▶ [Work task] Leaving the pictures aside, restate all of the data exactly.

▶ [Data provided]
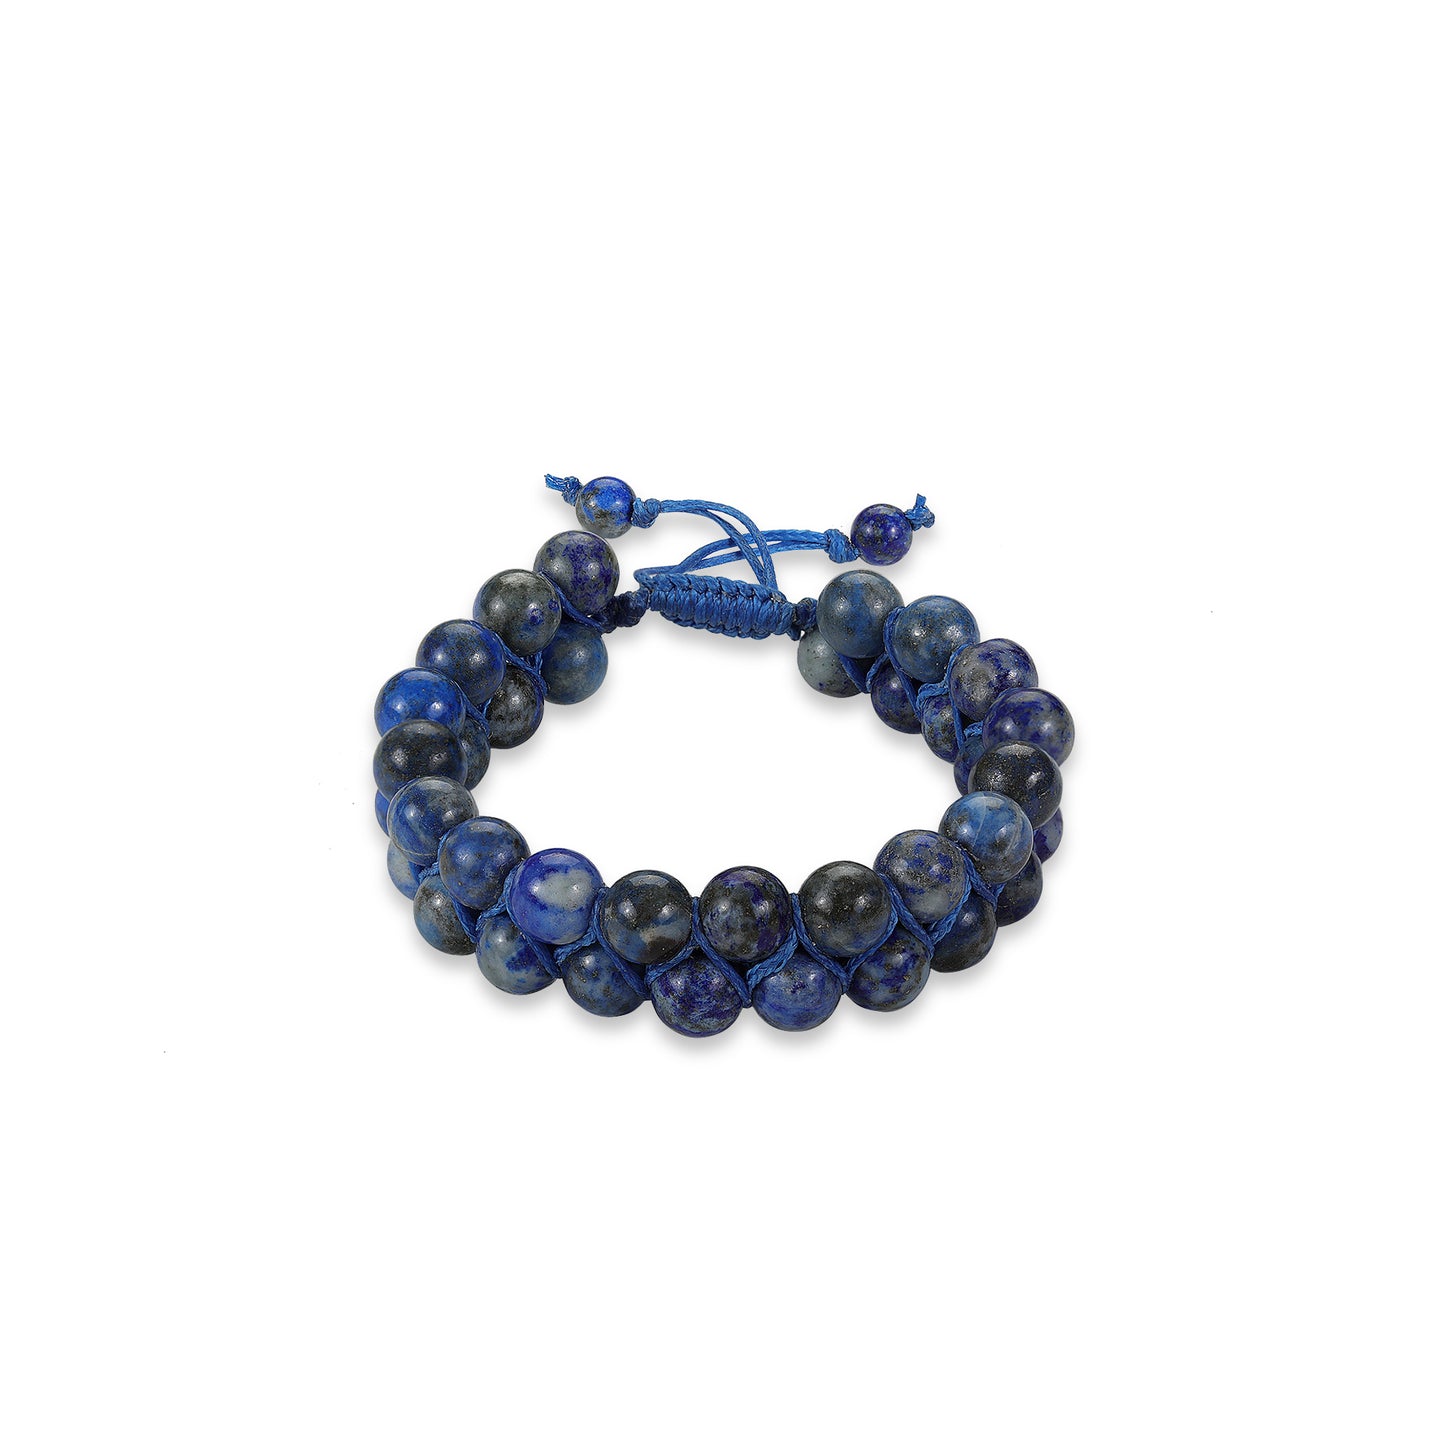 Lapis Lazuli 2 layered Bracelet - Stone of Knowledge and Wisdom
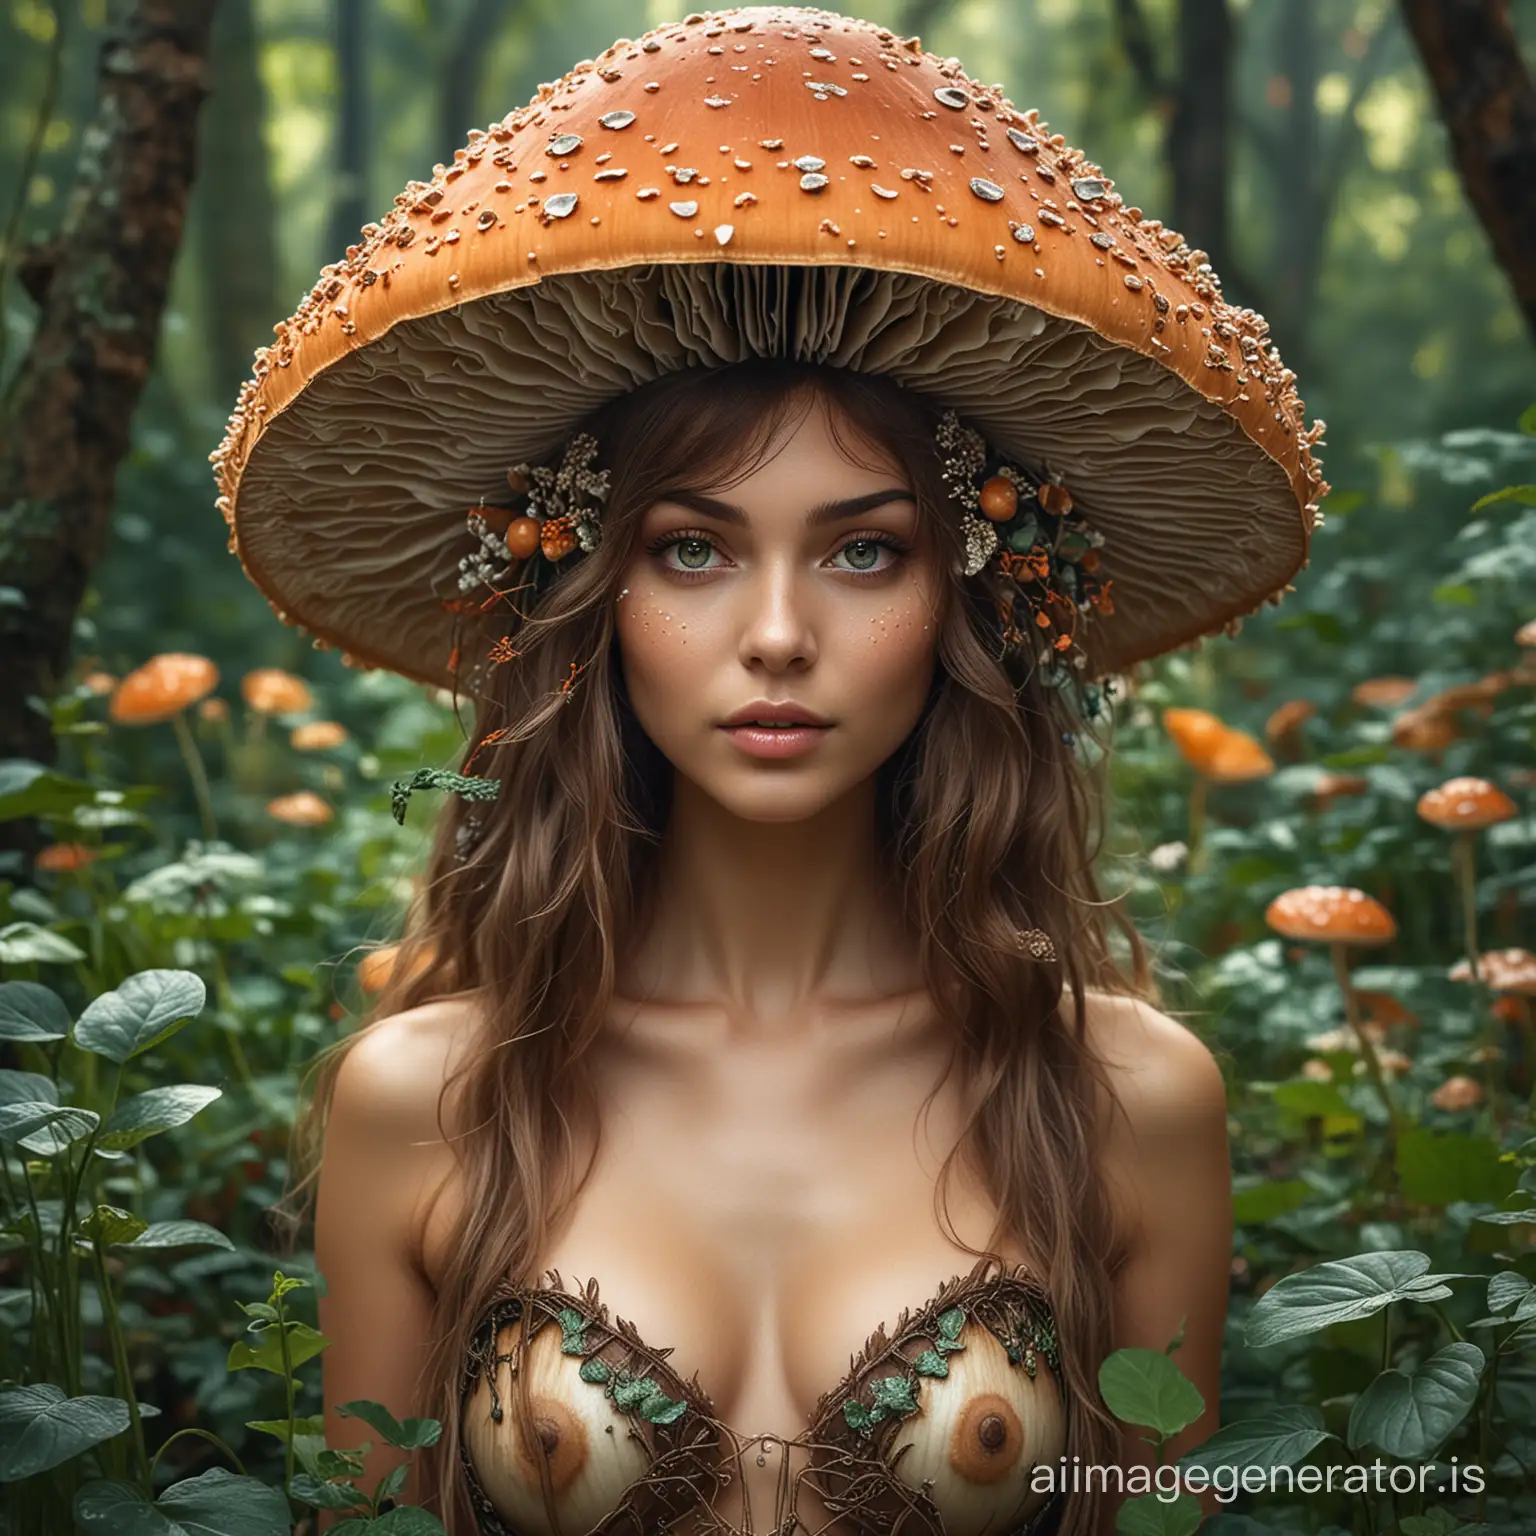 Enchanting-Mushroom-Nymph-Controlling-Nature
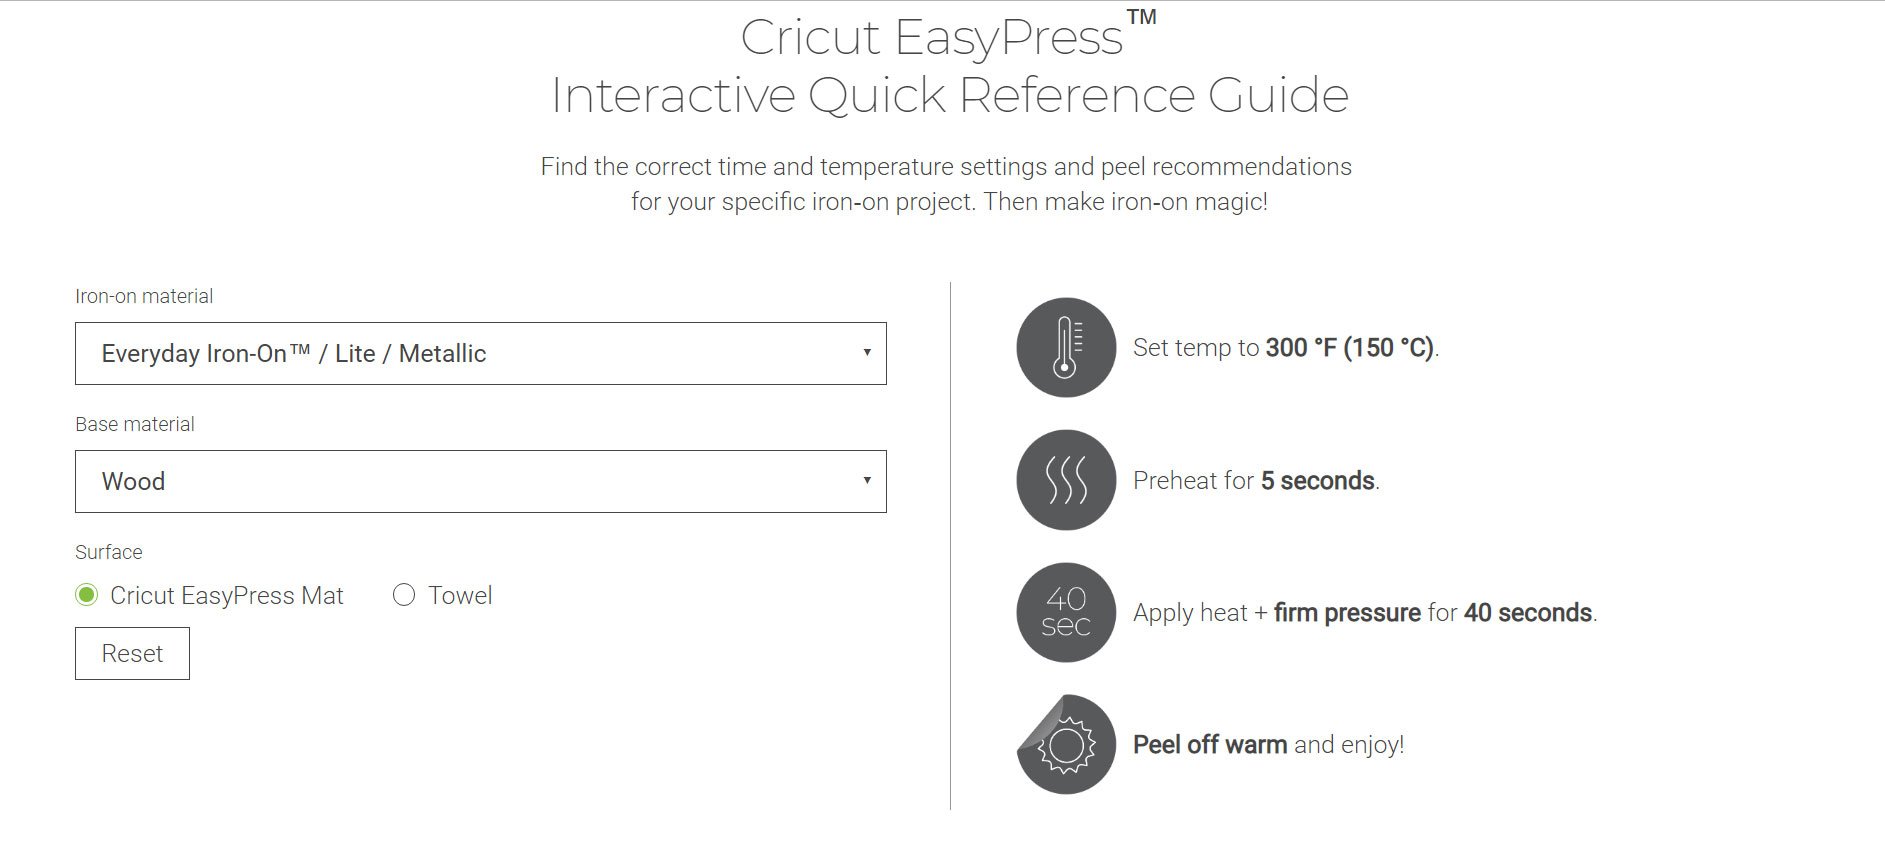 Cricut EasyPress 2 interactive guide with drop-down menu
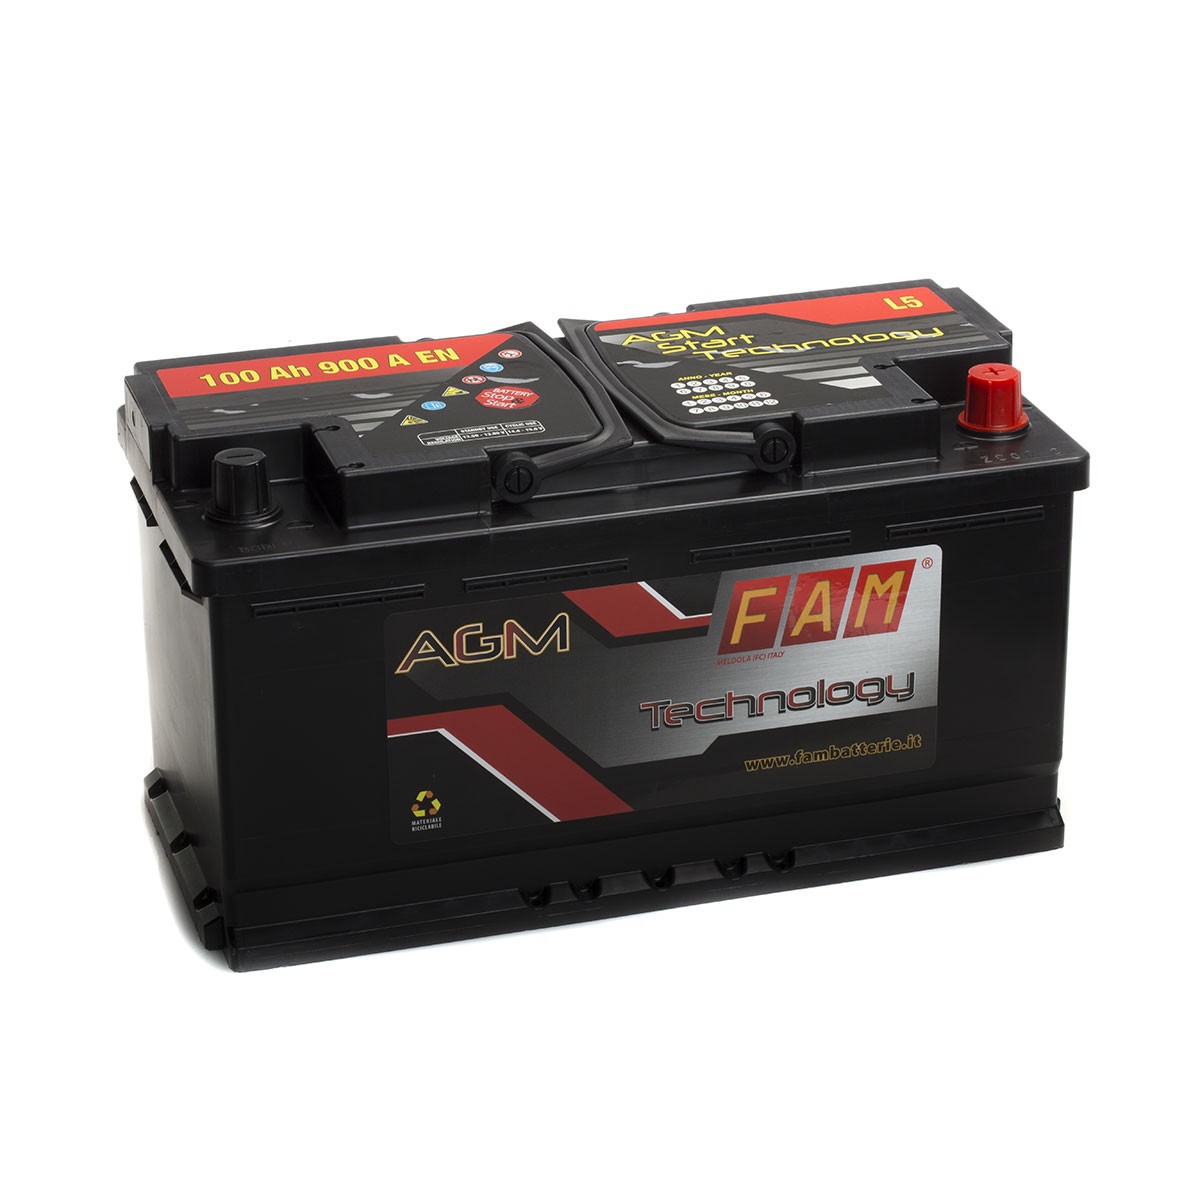 Batterie Auto Start & Stop AGM: L5 AGM START 100 - FAM Batterie

▶ [Finished exercise]
 Lapis Lazuli 2 layered Bracelet - Stone of Knowledge and Wisdom
 Enchanting-Mushroom-Nymph-Controlling-Nature
 Cricut EasyPress 2 interactive guide with drop-down menu
 Batterie Auto Start & Stop AGM: L5 AGM START 100 - FAM Batterie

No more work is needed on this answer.